Investors eagerly await the skyrocketing productivity sure to result from RTO. Science from trusted sources on the internet proves that innovation and collaboration are boosted when we’re inhabiting the same filthy, fetid, crowded spaces. Inspired by this insight, RTO CEOs are quietly and quickly repatriating the millions of high-tech jobs they sent overseas just a few short years ago.
The inclusivity of our CEOs is proudly on display. Corporate America has finally paired up with government to solve the seemly-intractable problem of immigration reform. They’ll close the utterly embarrassing backlog of potential new American workers, and reform the inexplicably humiliating guest worker program.
New policies prioritize the dignity of all workers on American soil, regardless of their country of origin. In a startling act of obvious and urgent necessity, President Biden announced that laid off H1-B visa holders will no longer face deportation.
Long Covid has been cured, a truly great relief to the 65 Million people who have been told that they have a disease and also that it does not exist. Well, not exactly “cured.” Scientists have found that the vast majority of with Long Covid have already had it for so long, old age will probably kill them before they find a cure. Instead they’re heralding a promising new therapy, which involves taking two Centrum, pulling your pants up to your navel, and going for a walk.
Everybody knows that you can’t trust the science, since it disagrees with itself half the time. Let’s just stick to the facts. Since everything was horrible during the pandemic, our priority now is getting everything back to how it was before. Back then, everything was great. For CEOs.
Ready Trusty One-hitter
The next great epidemic is, of course, already upon us. According to analysts at federal agency NPR (National Podcast Radio) an epidemic of loneliness is sweeping the nation.
Ok, I will admit that this sounds a bit like something made up by a CEO in order to get us back to work. But it also suggests something that I desperately want to believe, which is that we are still capable of feeling anything at all.
Perhaps not. According to Vox Media, the internet’s Teen Vogue, it’s going to kill us all (the loneliness, not Teen Vogue:
A new report from the Surgeon General says that social isolation’s effects on mortality are equivalent to smoking up to 15 cigarettes every day.
This is ridiculous!
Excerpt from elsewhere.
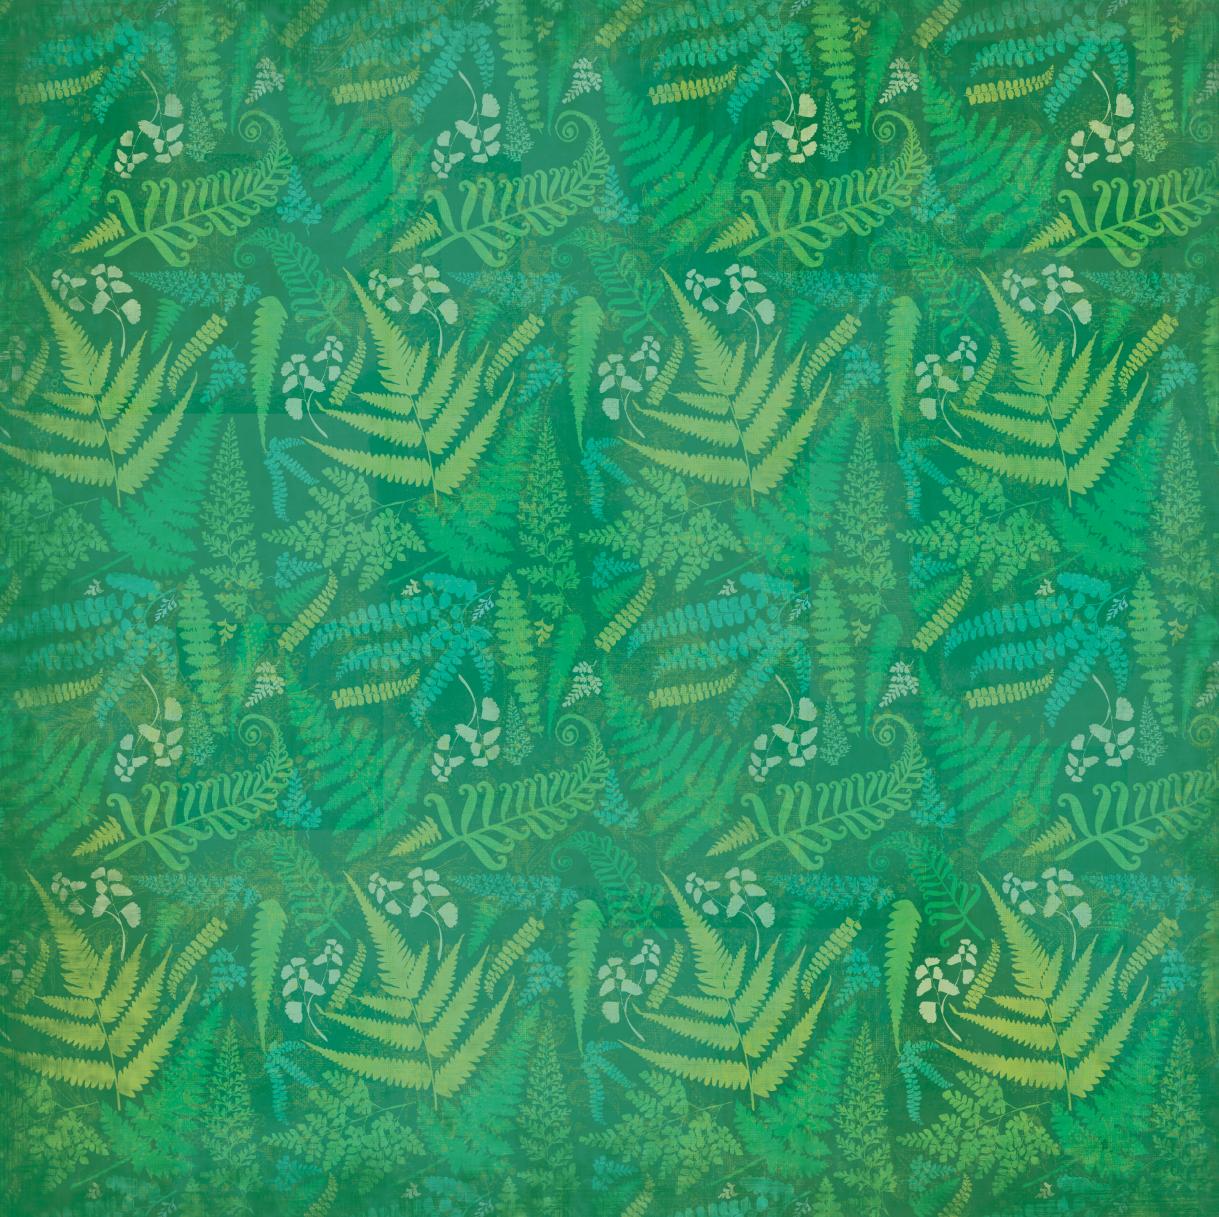 custom design surface pattern ferns inspiration nonna design illustration.png

If social isolation and heavy smoking were so dangerous, I’d have been dead at 28, along with every other writer in America. Now they’re saying it’s bad for us? Thanks, Joe Biden!
The real masterstroke of the current administration was legalizing weed right before RTO (“Reefer to Office”) went down, ensuring those who do come back to work reluctantly will at least be as high as fuck.
You know what? Maybe returning to the office isn’t so bad after all. How about you all get in there and find out. Let me know how it goes.
I’ll be here catching up on Teen Vogue.